I had a great gig, one most would be thrilled to do the rest of their lives. It wasn’t that I didn’t enjoy my job, I just craved something more.
And the turmoil of trying to be happy on the shore when I knew the ocean was where I wanted to be was eating me up.
Over a cup of very average coffee, I spilled my guts to this relative stranger.
I told him about our family dynamics, the marriage we were working on, the 5 kids we were parenting, this dream of a business of mine, and sometimes what felt like a disease of too many ideas.
He didn’t talk much, but when he did, he asked direct and profound questions.
Like a surgeon’s scalpel, he cut to the core of what was really happening.
In short, he helped me to see.
I was so consumed with worry (what if it won’t work), guilt (who’d quit this kind of job again), fear (what if the money doesn’t show up), that I needed a guide.
I still get chills thinking about what he told me after his line of questioning.
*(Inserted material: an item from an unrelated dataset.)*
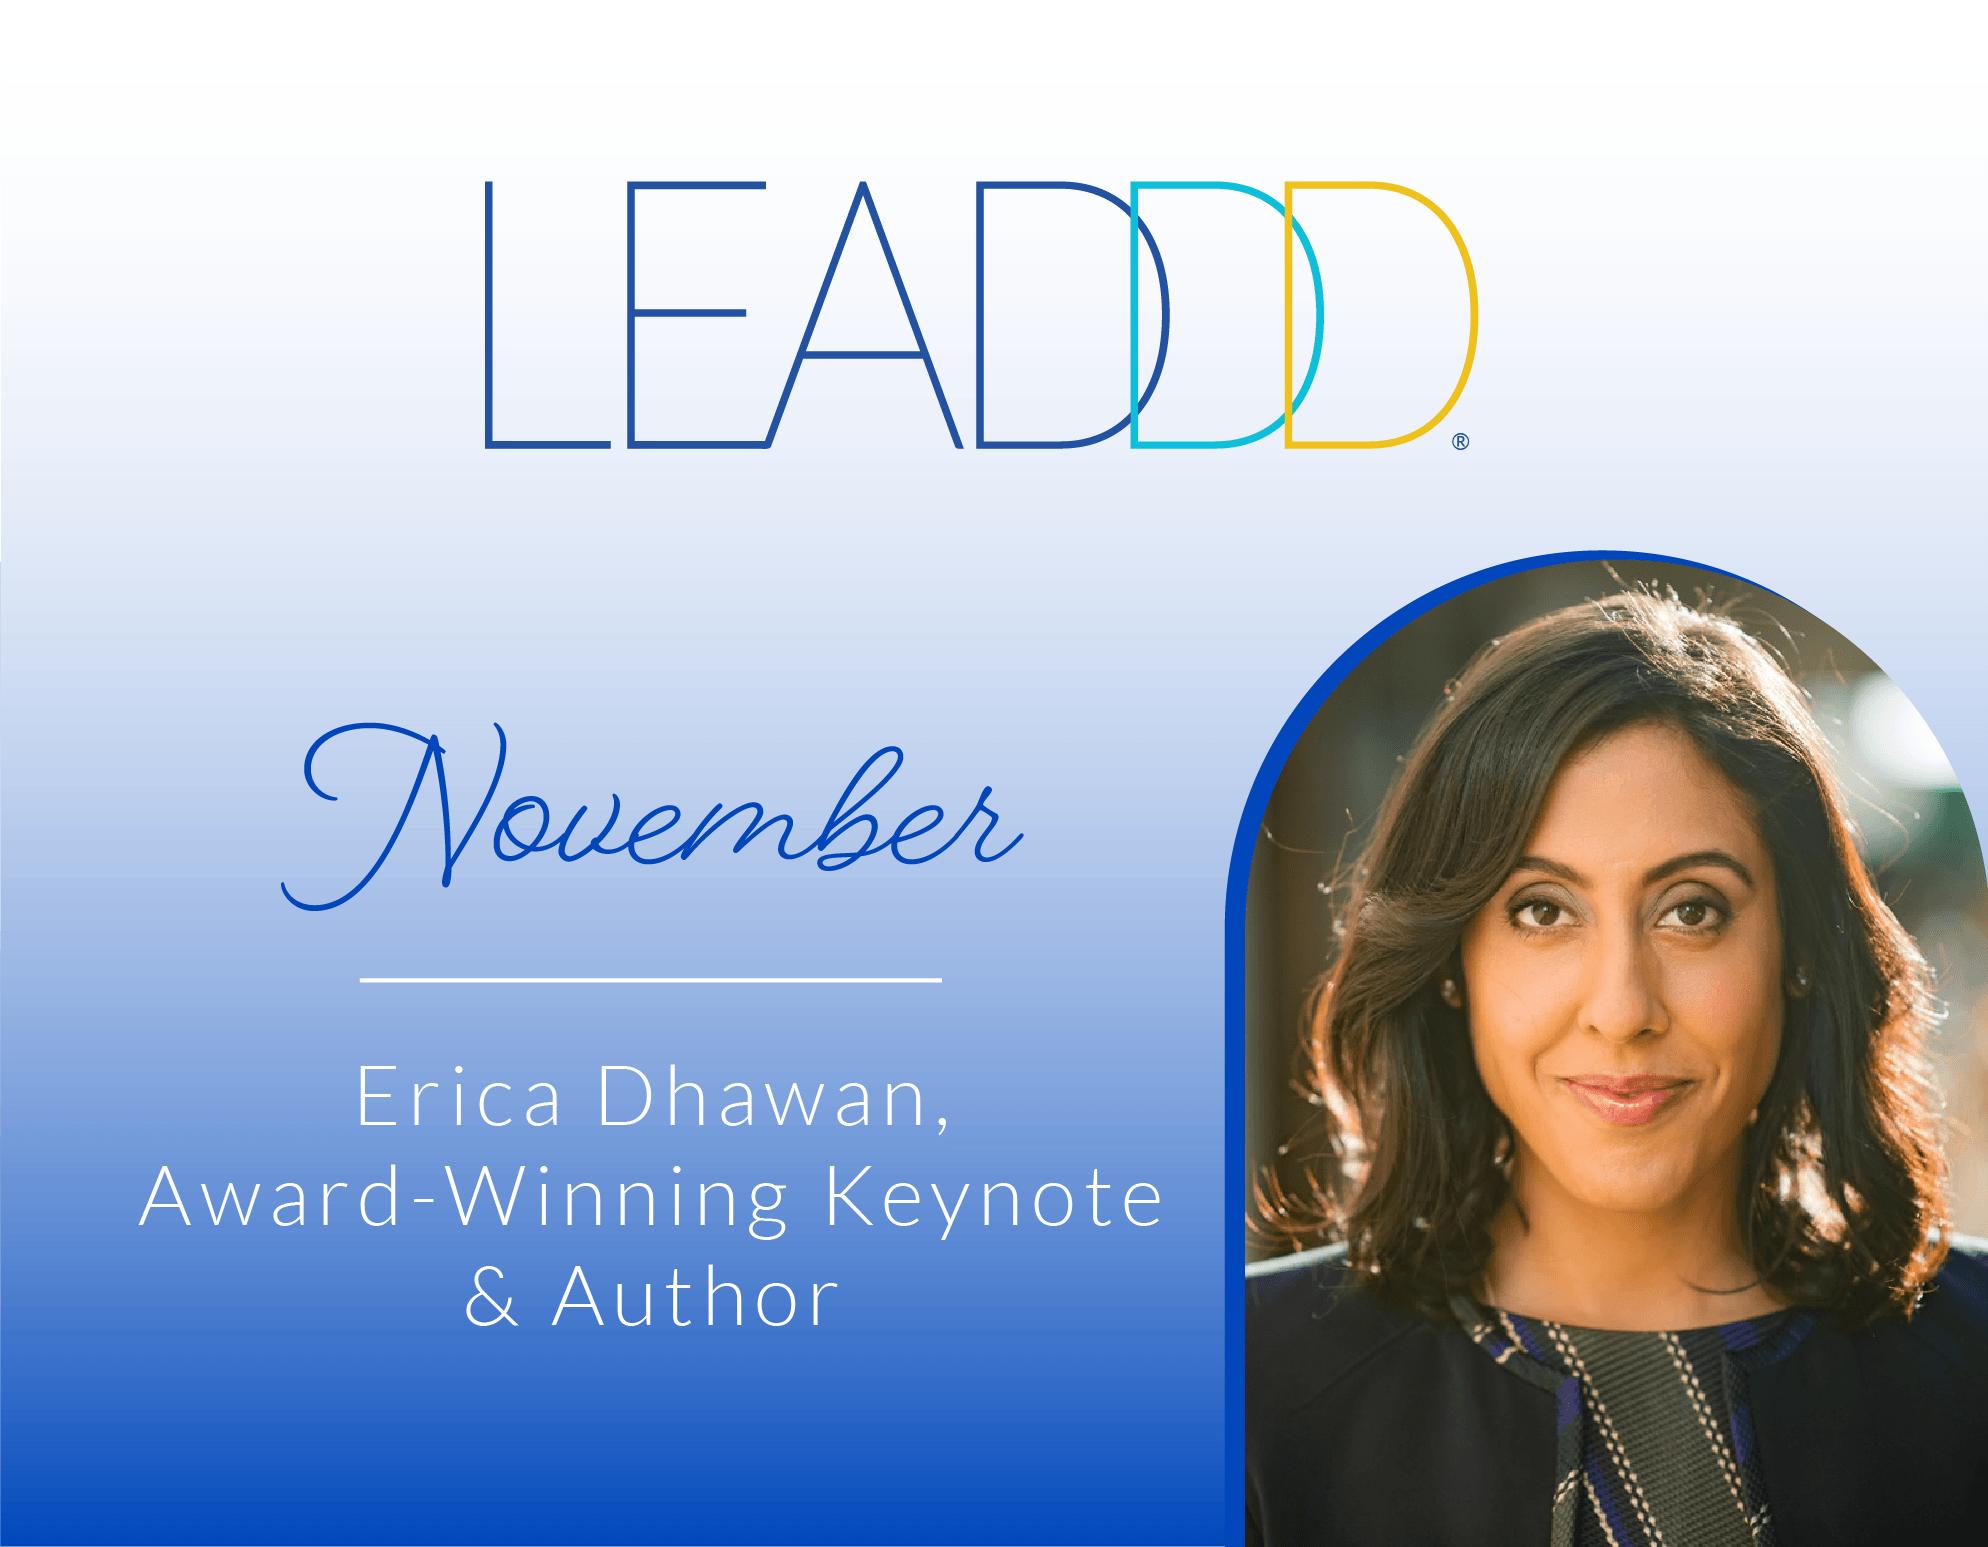 LEADDD Keynote Series: November

It doesn’t happen often, but it felt like God was in that booth with us that morning, speaking.
After hearing about the prospect of the business and the longing for my marriage and family, he said with a quiet confidence,
“It’s time to go.”
The entire conversation up to that point felt like an effort by him to tune an old guitar. Each string close but not quite in harmony. Plucking around the edges until, boom, at last…it sounded perfect.
It was time to go.
Your story isn’t mine, and I’m certainly not qualified to give anonymous random life advice, but I imagine there’s an old guitar string of yours that is begging to be tuned.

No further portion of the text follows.